L.M. : Quelques jours après le drame, les forces de l’ordre - dont nous tenons à saluer le travail exceptionnel - nous ont redonné accès au magasin. Ce fut un moment extrêmement difficile et douloureux, y compris pour les personnes chargées de la rénovation, mais aussi un moment de grande solidarité de tous dans la volonté de continuer et de ne pas se résoudre à plier sous la terreur. Puis il a fallu avancer. C’est ce que nous avons fait, en reprenant possession des lieux et en décidant la réouverture du magasin.
A.J.: Avez-vous justement hésité à rouvrir cet Hypercacher ?
L.M. : Nous nous sommes demandé si, par respect pour les victimes, il ne valait pas mieux fermer définitivement ce magasin. Puis au contraire, nous nous sommes dit qu’avec cette réouverture nous allions dire aux terroristes que la vie sera toujours plus forte que la barbarie. C’est ce même message que nous a délivré Nir Barkat, le maire de Jérusalem lors de sa visite. Il nous a raconté que quelques heures après l’attentat de la synagogue de Har Nof, les offices reprenaient. Nous avons dès lors redoublé d'efforts pour accélérer les travaux et rouvrir le plus vite possible. Tout le monde a donné le meilleur pour permettre cette réouverture. Nous tenons à rendre un hommage particulier aux forces de police pour leur dévouement et leur efficacité et remercier le gouvernement et tous les élus de Paris pour leurs témoignages de solidarité et leur aide. Sans eux rien n'aurait été possible si rapidement.
"Un service d'ordre sera présent dans le magasin et à l'extérieur afin d'assurer la tranquillité et la sécurité de nos clients."
A.J.: De quelle manière avez-vous rénové ce magasin ?
L.M. : Nous avons pris le parti de changer radicalement son agencement, en y faisant entrer la lumière naturelle et en tentant de le rendre le plus agréable possible. Nous avons fait le choix de ne garder aucune trace de la tragédie. Plutôt que de sanctifier la mort, nous avons fait le choix d’y célébrer la vie. Pour autant, il est hors de question d'effacer ce qui s’est passé. Mais, comme après toutes les autres tragédies que le peuple juif a connues, il s’agit d’avancer et de continuer à vivre.
A.J.: Comment vont aujourd’hui le groupe Hypercacher et ses salariés ?
L.M. : Le groupe Hypercacher nous a été cédé par la famille Emsalem et particulièrement M. Michel Emsalem loué de tous, salariés, clients, fournisseurs.
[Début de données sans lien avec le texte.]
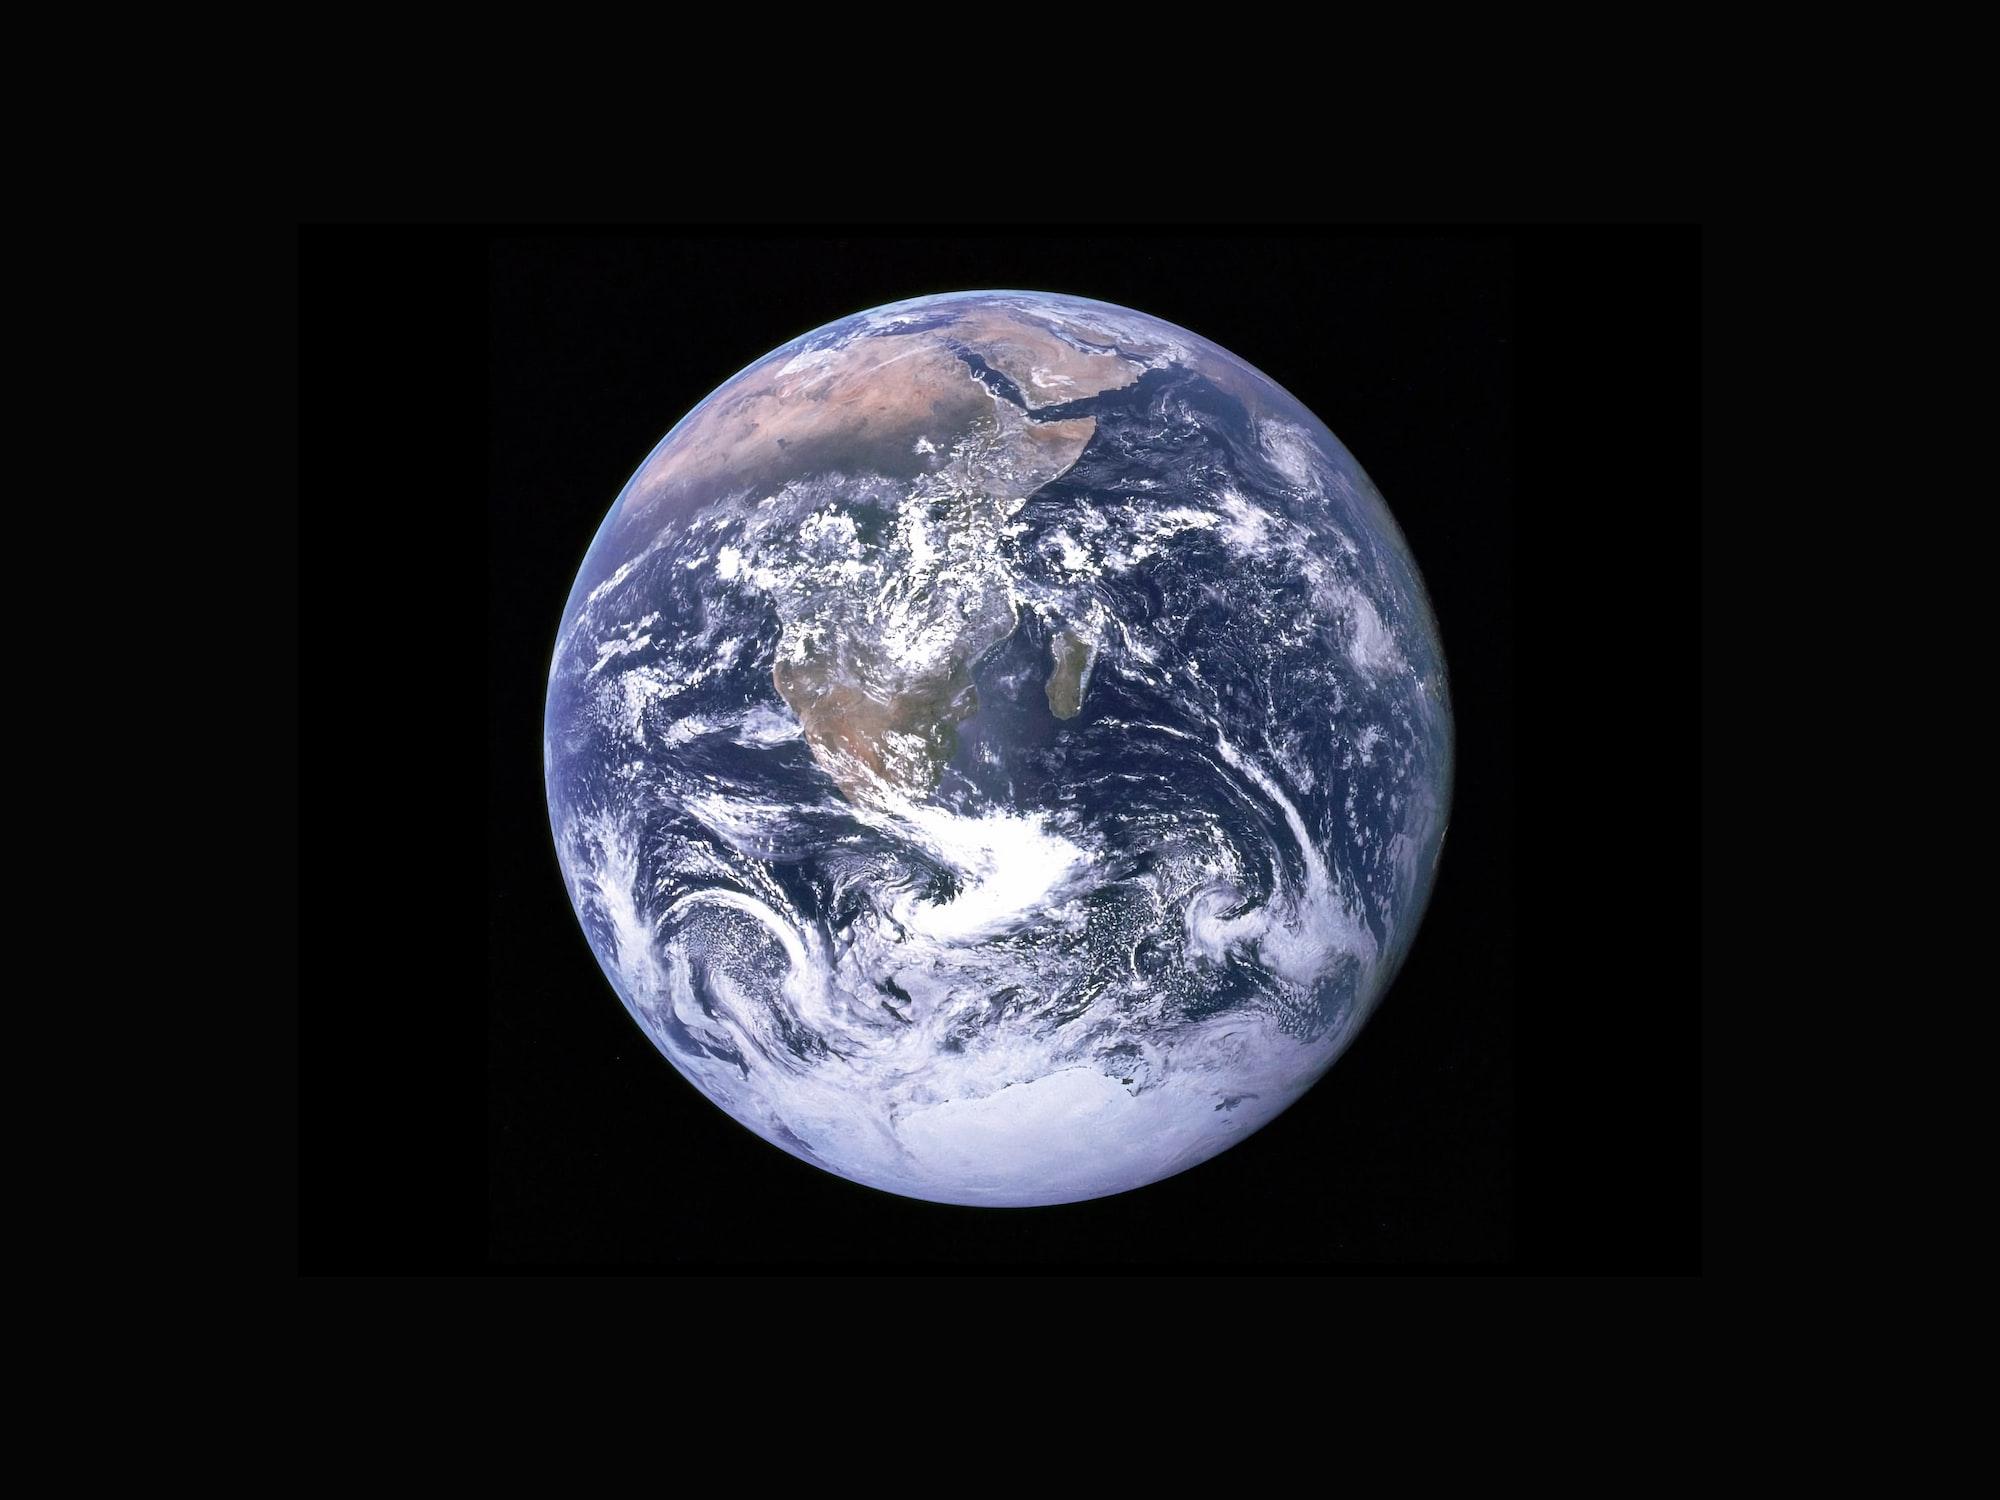 Stream A Perfect Planet by David Attenborough on BBC iPlayer

La famille Emsalem joue un rôle essentiel dans la communauté, notamment par la mise à disposition, depuis de nombreuses années, de viande cacher à des prix abordables porte de La Villette. Hypercacher est un des acteurs, autour desquels existe tout un écosystème qui permet à la communauté de consommer cacher. Notre priorité est de retisser encore plus les liens avec tous les partenaires présents dans l’alimentation cacher.
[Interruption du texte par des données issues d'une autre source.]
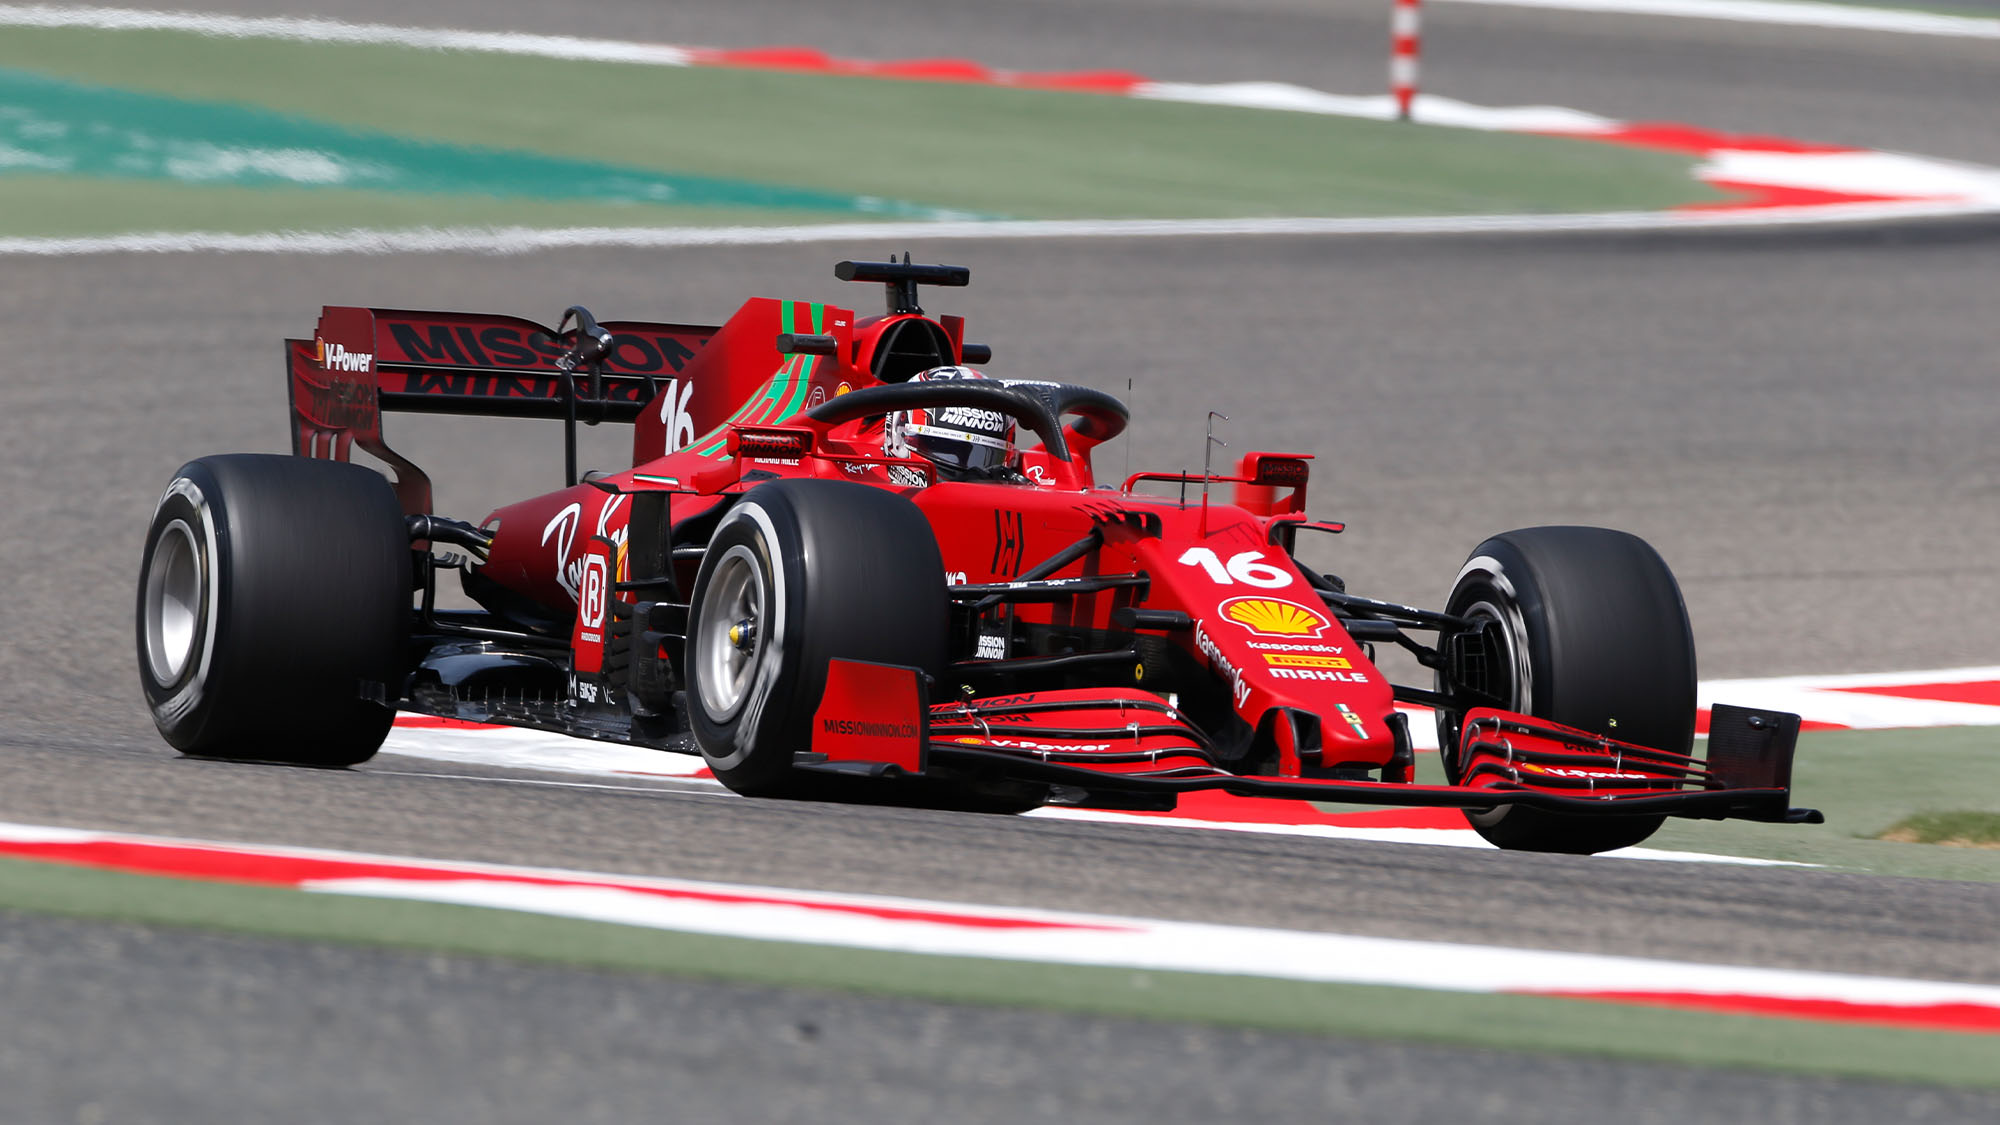 Charles Leclerc during F1 2021 preseason testing

Quant aux salariés, ceux qui travaillaient dans le magasin de la porte de Vincennes ainsi que d’autres qui ont vécu l’attentat de près, nous avons souhaité leur laisser tout le temps nécessaire à la reconstruction. Nous les assurons de tout notre soutien et leur laissons l’entière liberté de reprendre ou non leur activité au moment de leur choix. À la réouverture du 15 mars, c’est une équipe nouvelle qui sera mise en place.
A.J.: Comment appréhendez-vous la réouverture, sachant qu’elle devrait susciter la venue d’un grand nombre de curieux ?
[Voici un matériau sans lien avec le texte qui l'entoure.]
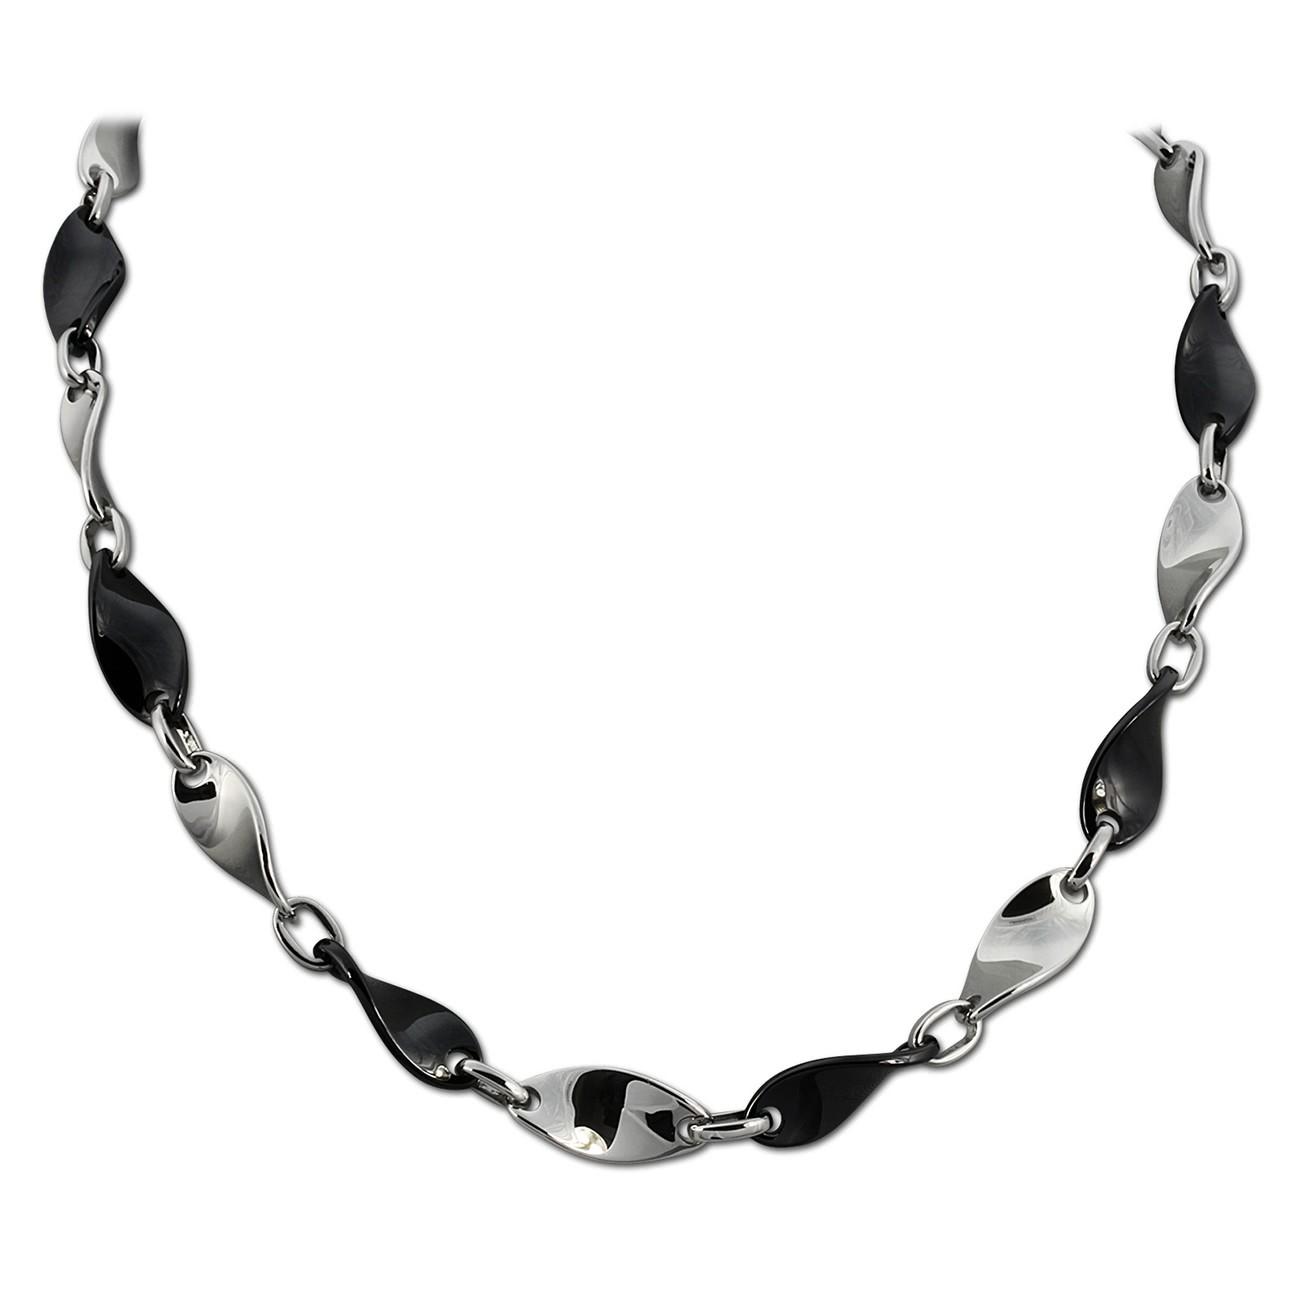 Amello Halskette Keramik Welle schwarz Damen Edelstahlschmuck ESKX08S

L.M. : Nous avons souhaité être accompagnés pour gérer cette réouverture. Un service d'ordre sera présent dans le magasin et à l'extérieur afin d'assurer la tranquillité et la sécurité de nos clients. Hypercacher fait partie du paysage de la communauté juive. Ce qui nous importe, c’est de rendre le magasin Hypercacher à sa clientèle, avec l'aide d'Hachem.